BEGIN Given material

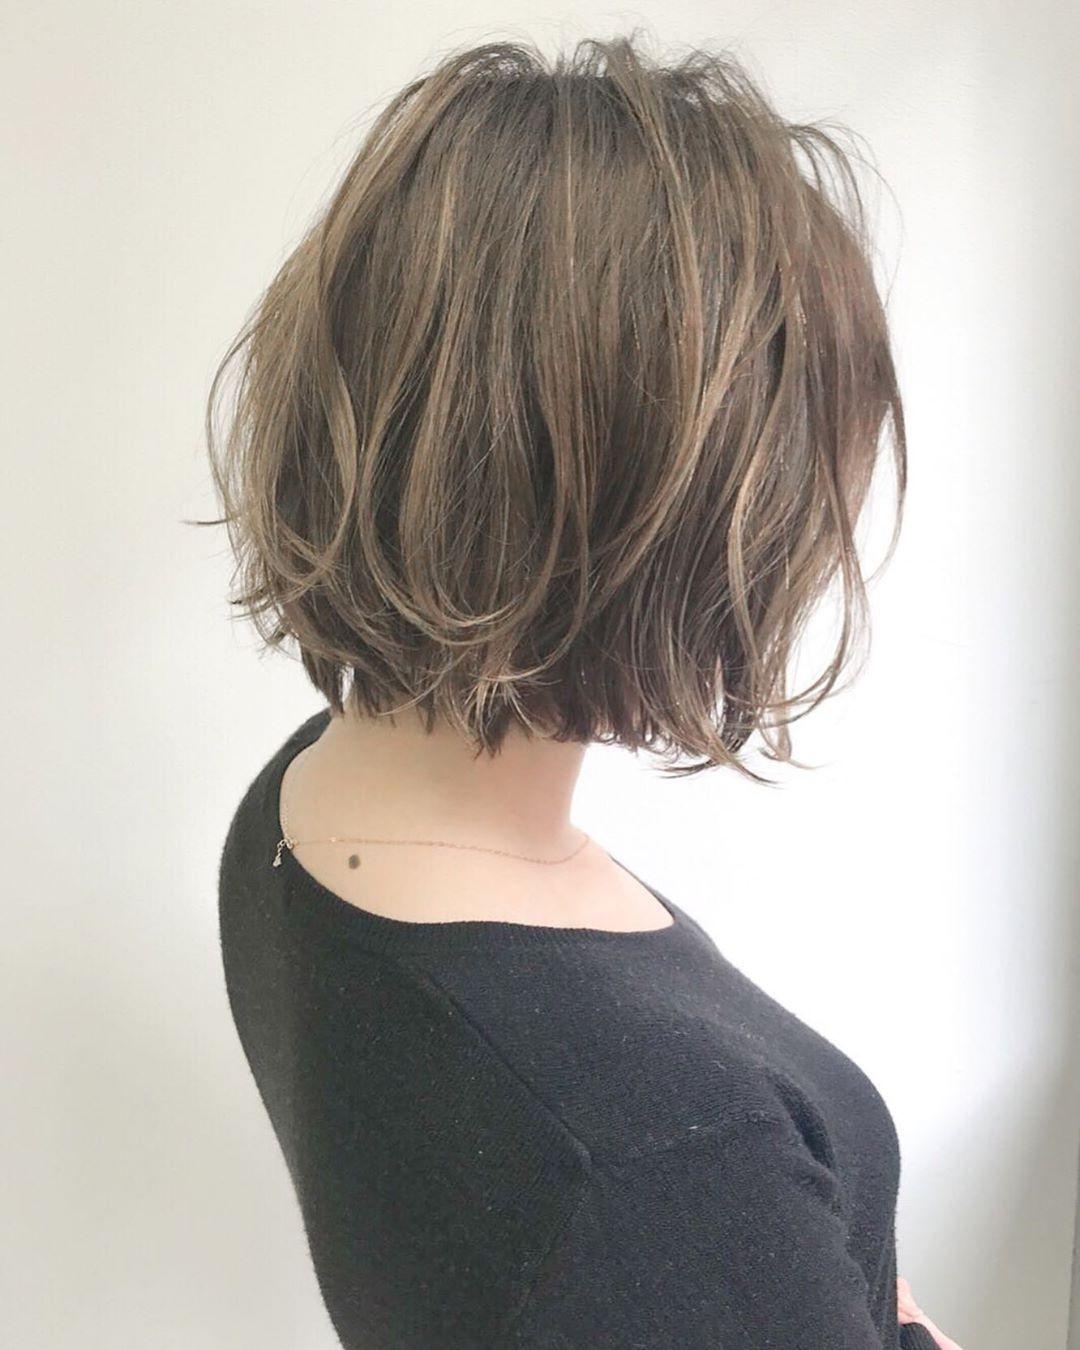 切りっぱなしボブ2020最新版 髪色 長さ別カタログ 似合わせ方やヘア
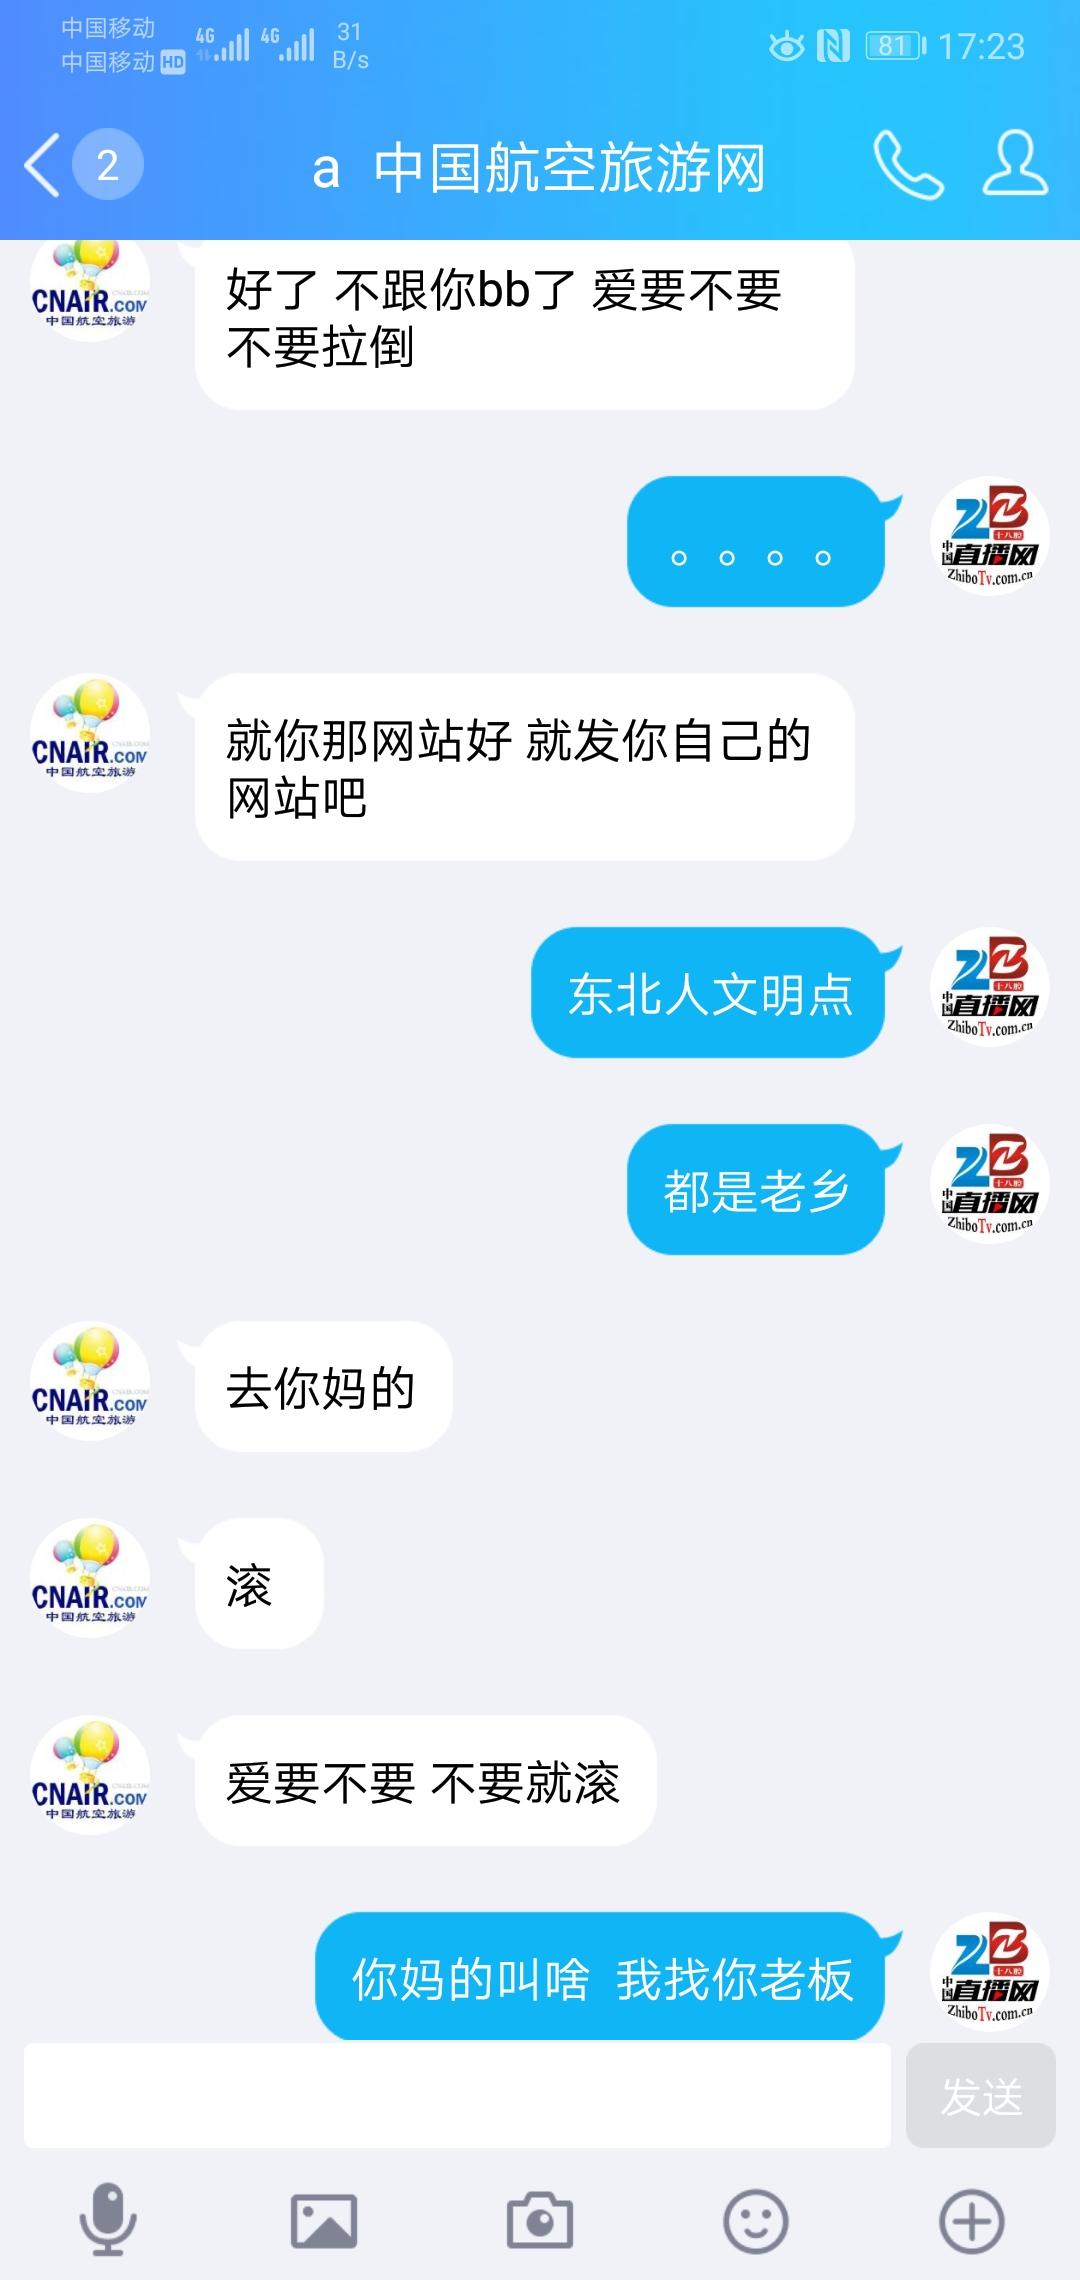 中国娱乐网yule.com.cn编辑主动加好友狂骂人后秒删拉黑
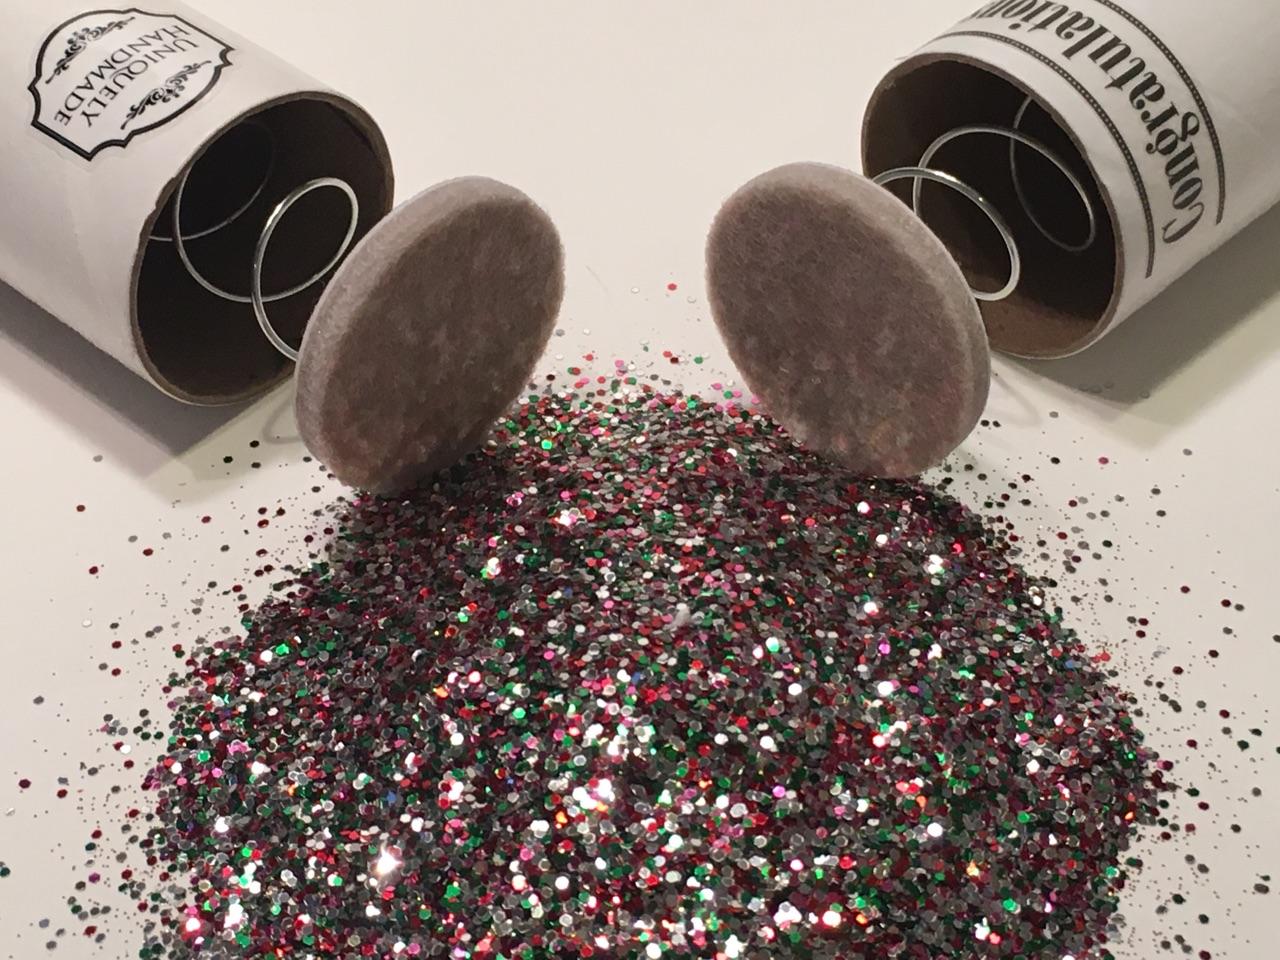 Spring Loaded Glitter Bomb

END Given material

Task brief: Recopy the whole listing above precisely, excluding images.

Exercise response:
 切りっぱなしボブ2020最新版 髪色 長さ別カタログ 似合わせ方やヘア
 中国娱乐网yule.com.cn编辑主动加好友狂骂人后秒删拉黑
 Spring Loaded Glitter Bomb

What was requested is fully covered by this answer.